> **Provided material**
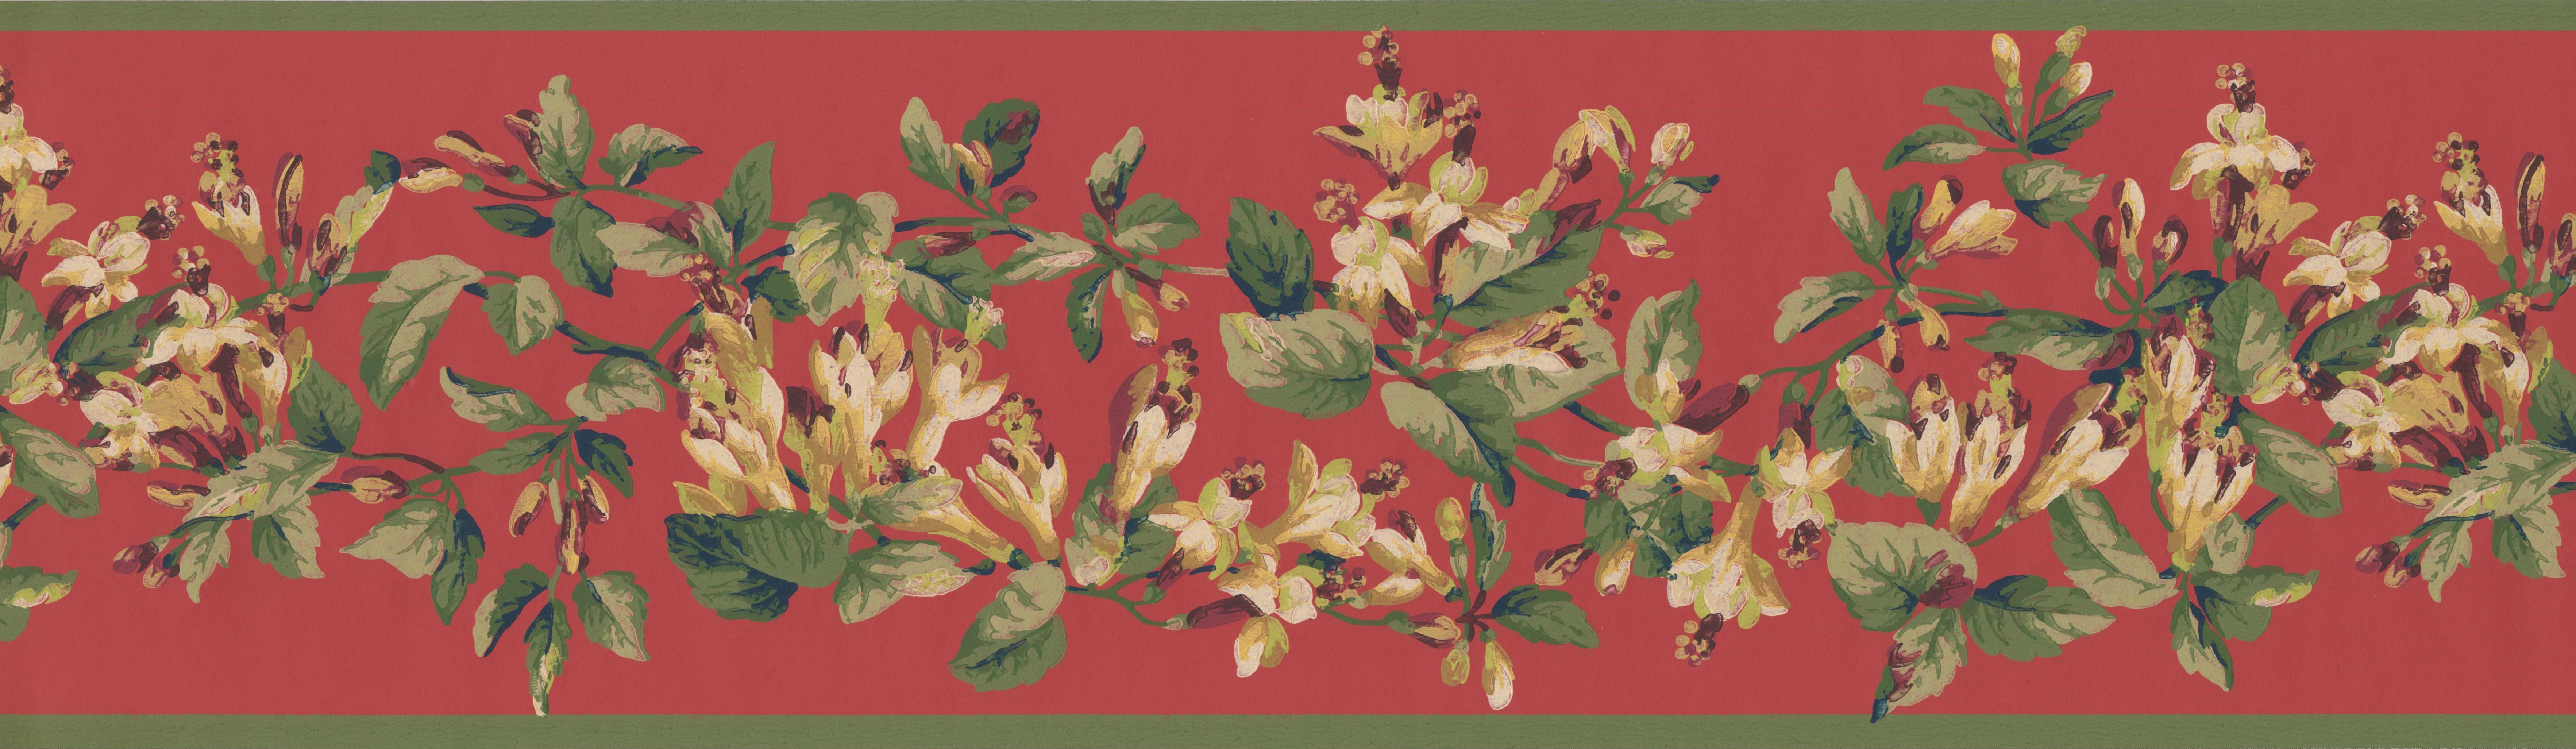 White Garnet Red Flowers On Vine Crimson Floral Wallpaper Border
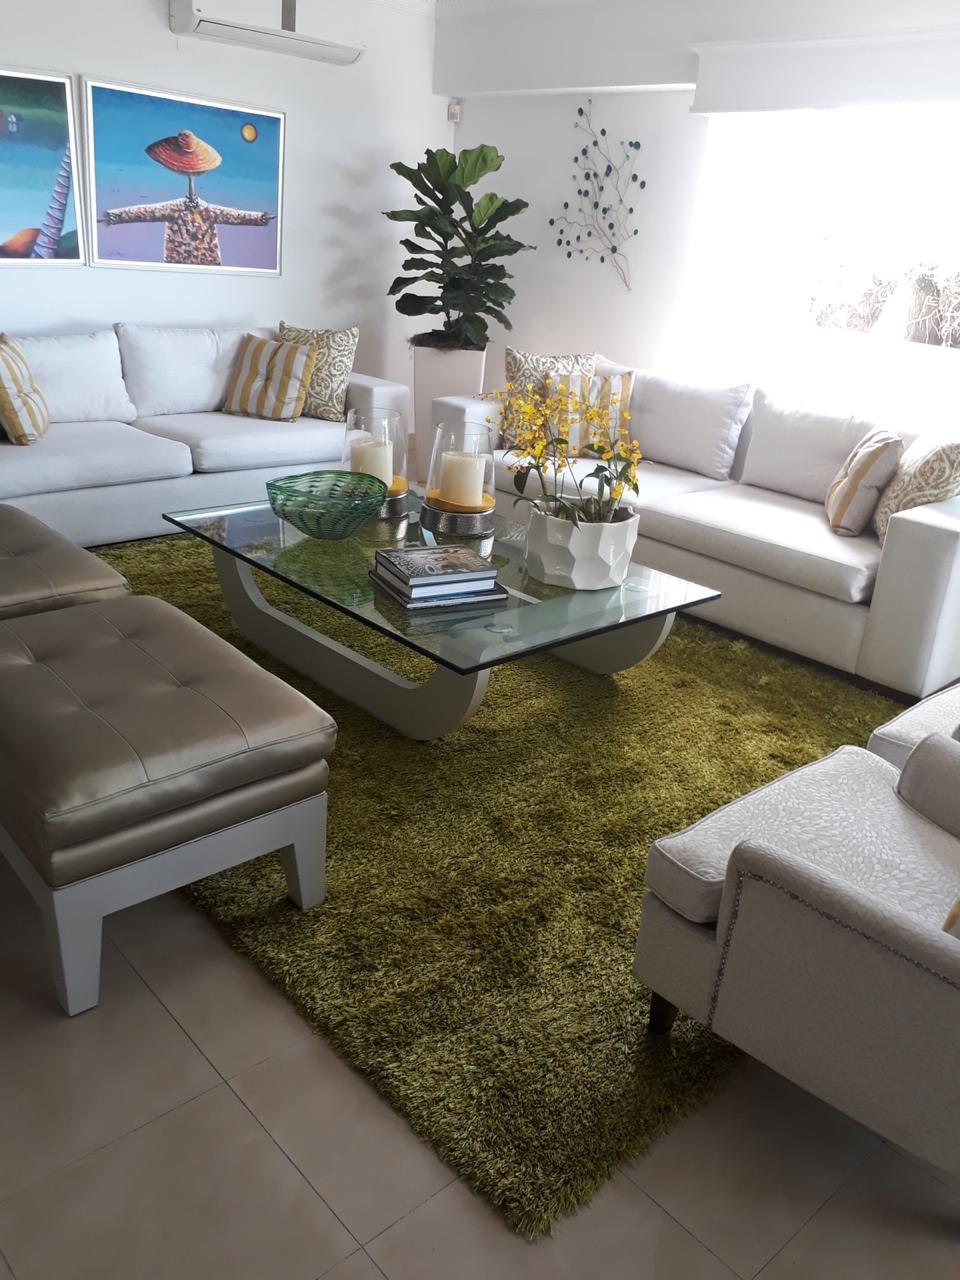 Apartamento en venta en el sector LA ESPERILLA precio US$ 320,000.00 US$320,000
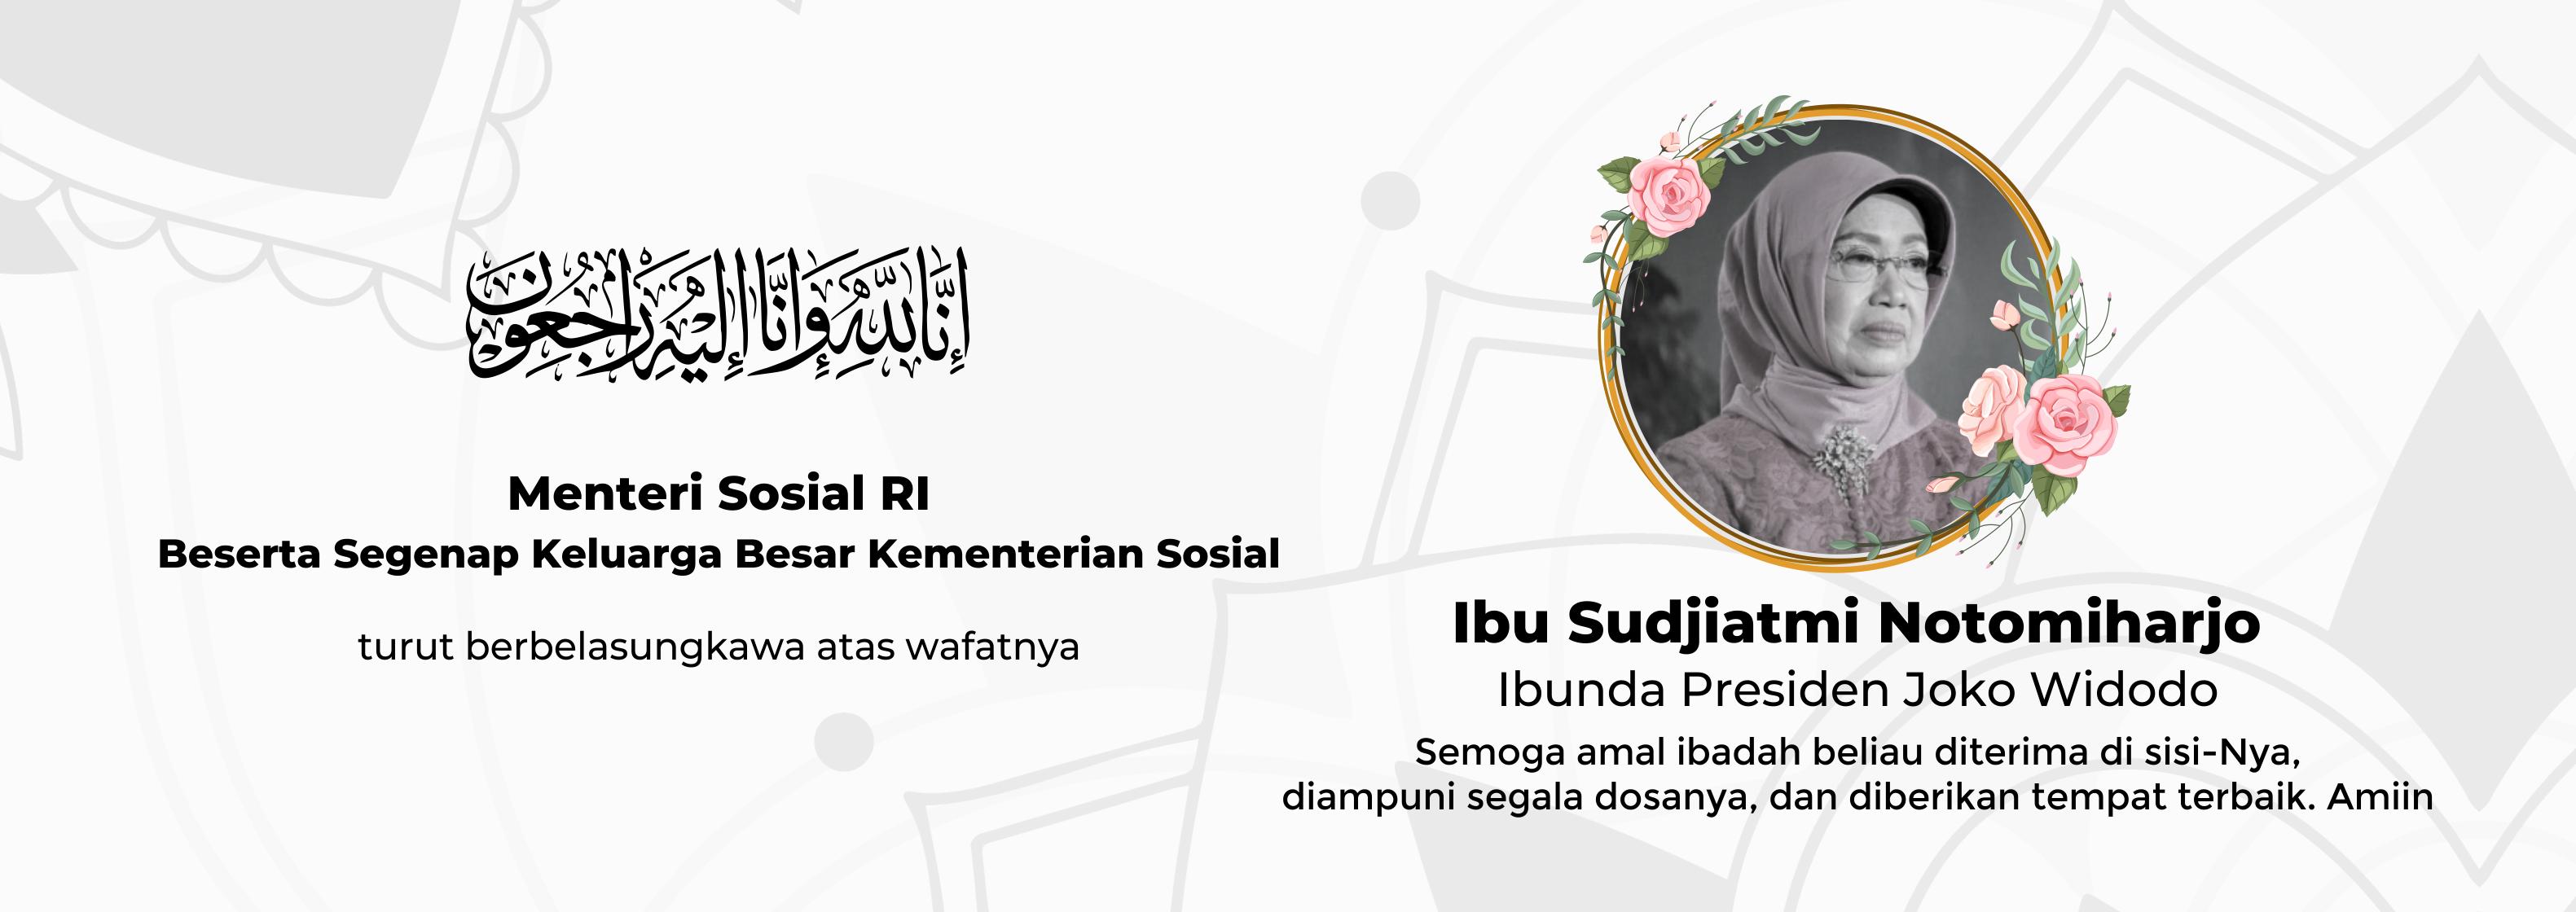 Ucapan Belasungkawa Ibunda Presiden Jokowi
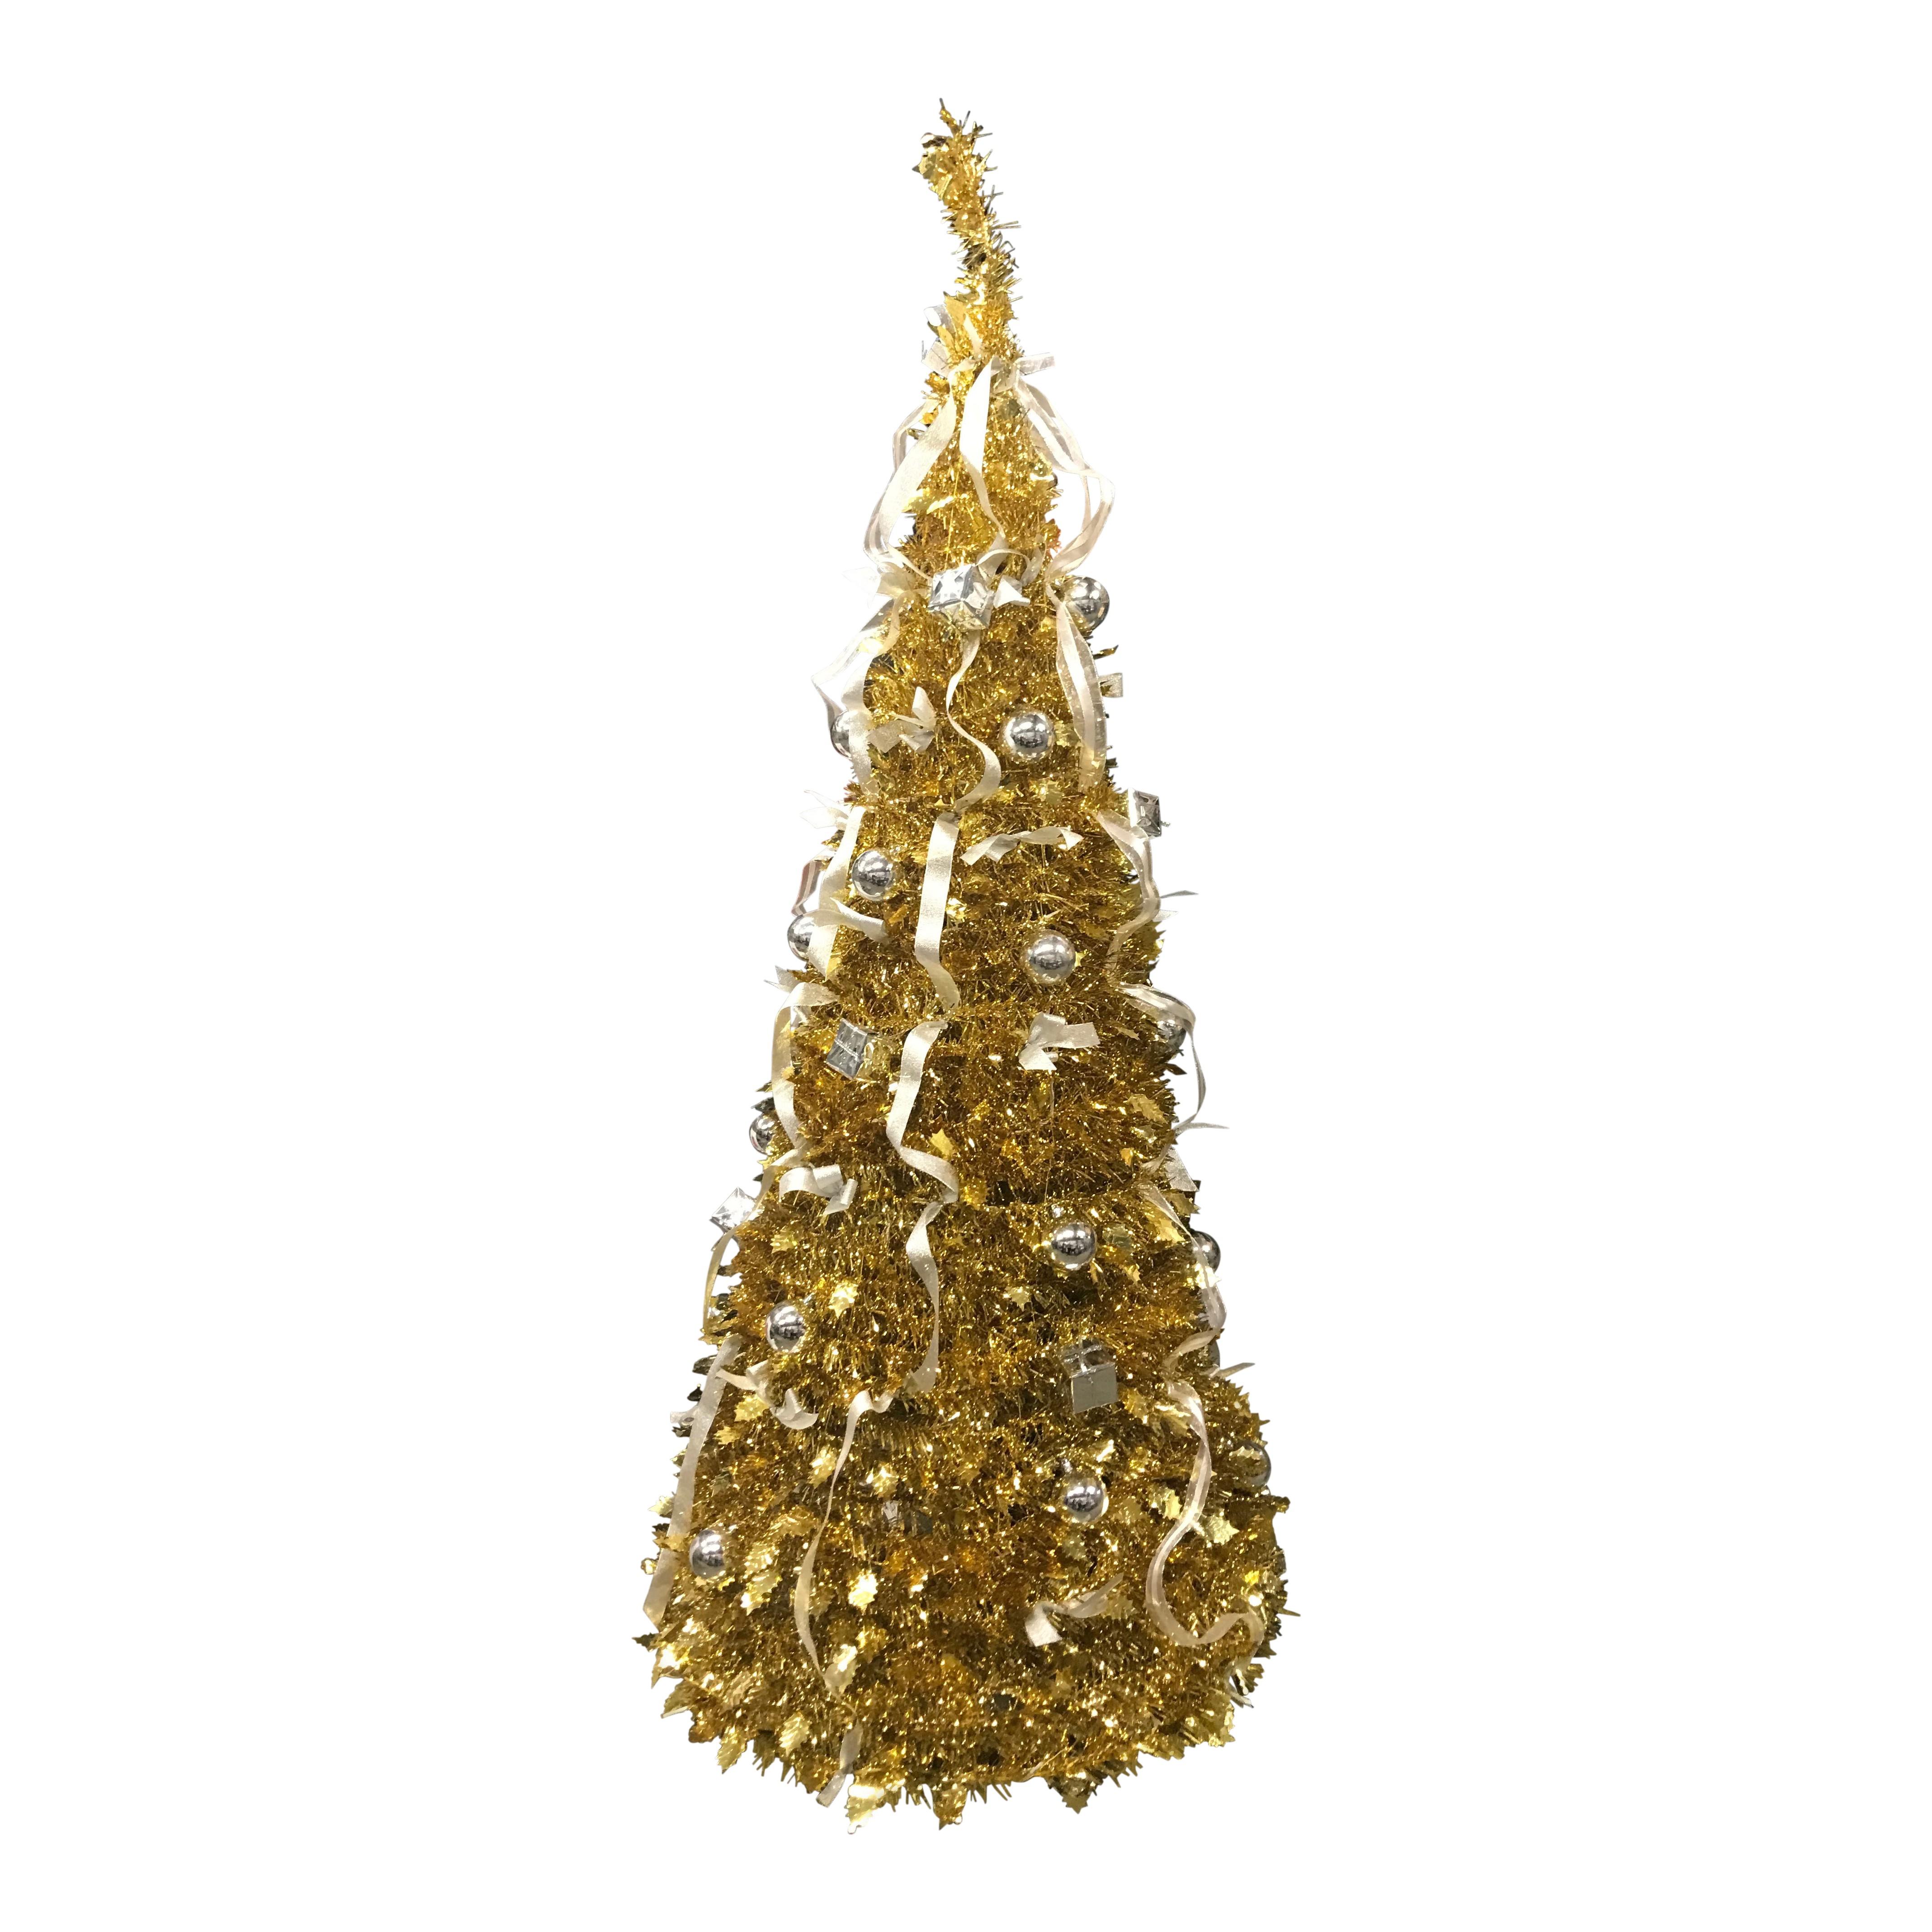 Kerstboom 180cm goud

> **Exercise objective**
Would you provide an exact, picture-free copy of the data above?

> **Your response**
 White Garnet Red Flowers On Vine Crimson Floral Wallpaper Border
 Apartamento en venta en el sector LA ESPERILLA precio US$ 320,000.00 US$320,000
 Ucapan Belasungkawa Ibunda Presiden Jokowi
 Kerstboom 180cm goud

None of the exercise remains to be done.